Search code examples
gitterminology

Understanding the output of git status with the short flag


$ git status -s
 M README
MM Rakefile
A  lib/git.rb
M  lib/simplegit.rb
?? LICENSE.txt

There are two columns to the output - the left-hand column indicates the status of the staging area and the right-hand column indicates the status of the working tree. So for example in that output, the README file is modified in the working directory but not yet staged, while the lib/simplegit.rb file is modified and staged. The Rakefile was modified, staged and then modified again, so there are changes to it that are both staged and unstaged.

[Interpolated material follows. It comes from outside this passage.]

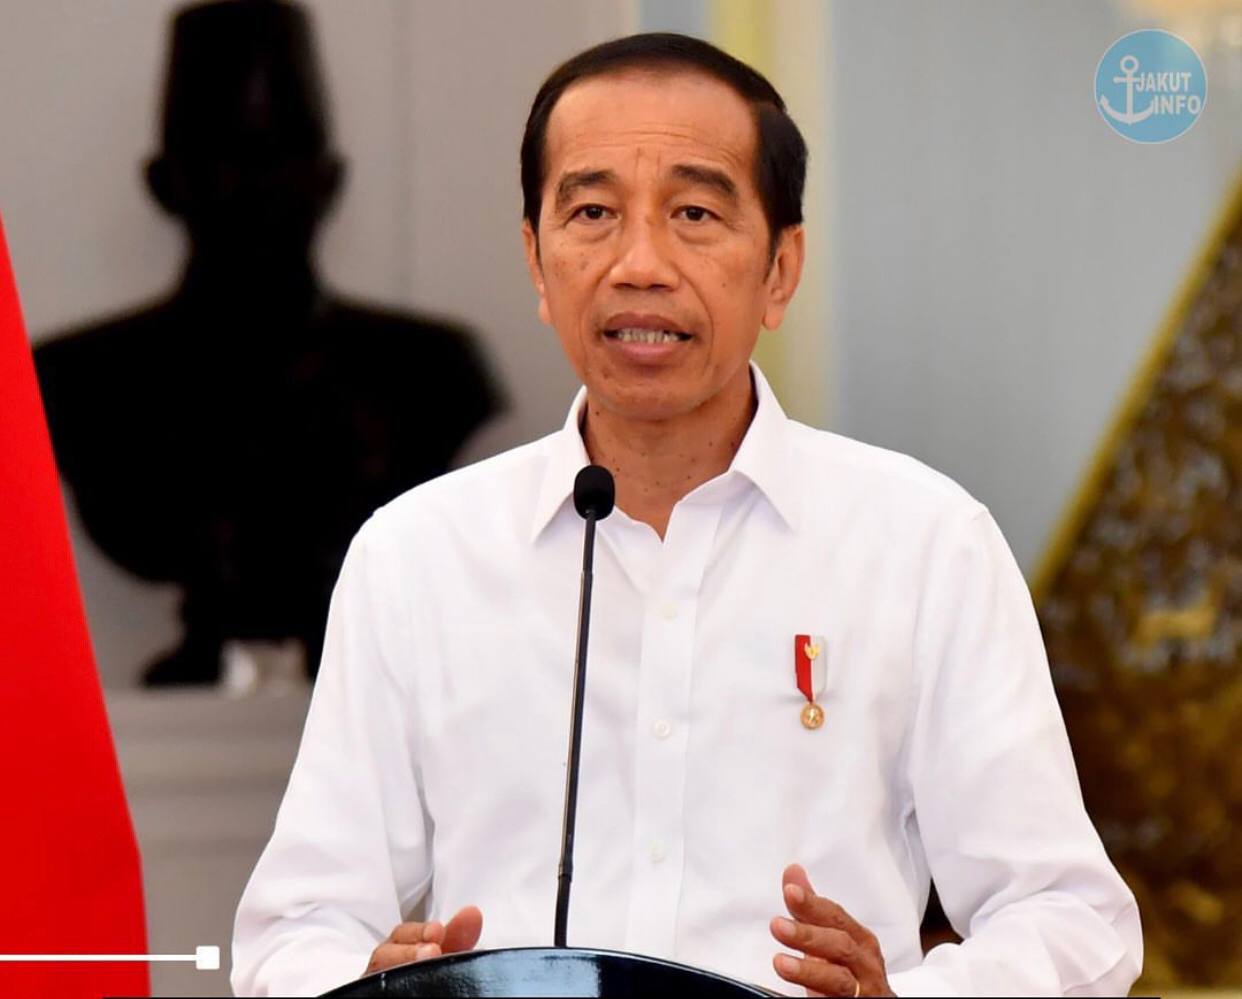 Respon Presiden Jokowi Soal Mahfud MD Mundur Kabinet: Itu Hak, Saya Menghargai

The above is from Pro Git by Scott Chacon and Ben Straub and published by Apress.

I'm confused about the distinction between staging area and working tree. And I'll explain what I believe is to be true.

"the README file is modified in the working directory but not yet staged": We're not tracking this file. Still, Git understands that it has been modified. From the last snapshot.

"the lib/simplegit.rb file is modified and staged": after modification we've staged the file. All that is left is the commit.

"The Rakefile was modified, staged and then modified again, so there are changes to it that are both staged and unstaged.": Just like the previous file we have staged a modified file. What's next?


Solution

  • "the README file is modified in the working directory but not yet staged": We're not tracking this file. Still, Git understands that it has been modified. From the last snapshot.

    No, this is wrong: specifically, the file is staged (and the staged copy matches the HEAD copy, and this makes the file tracked). The tricky part with the staging-area is that it is normally mostly invisible. This leads people down the wrong path in trying to understand how it works.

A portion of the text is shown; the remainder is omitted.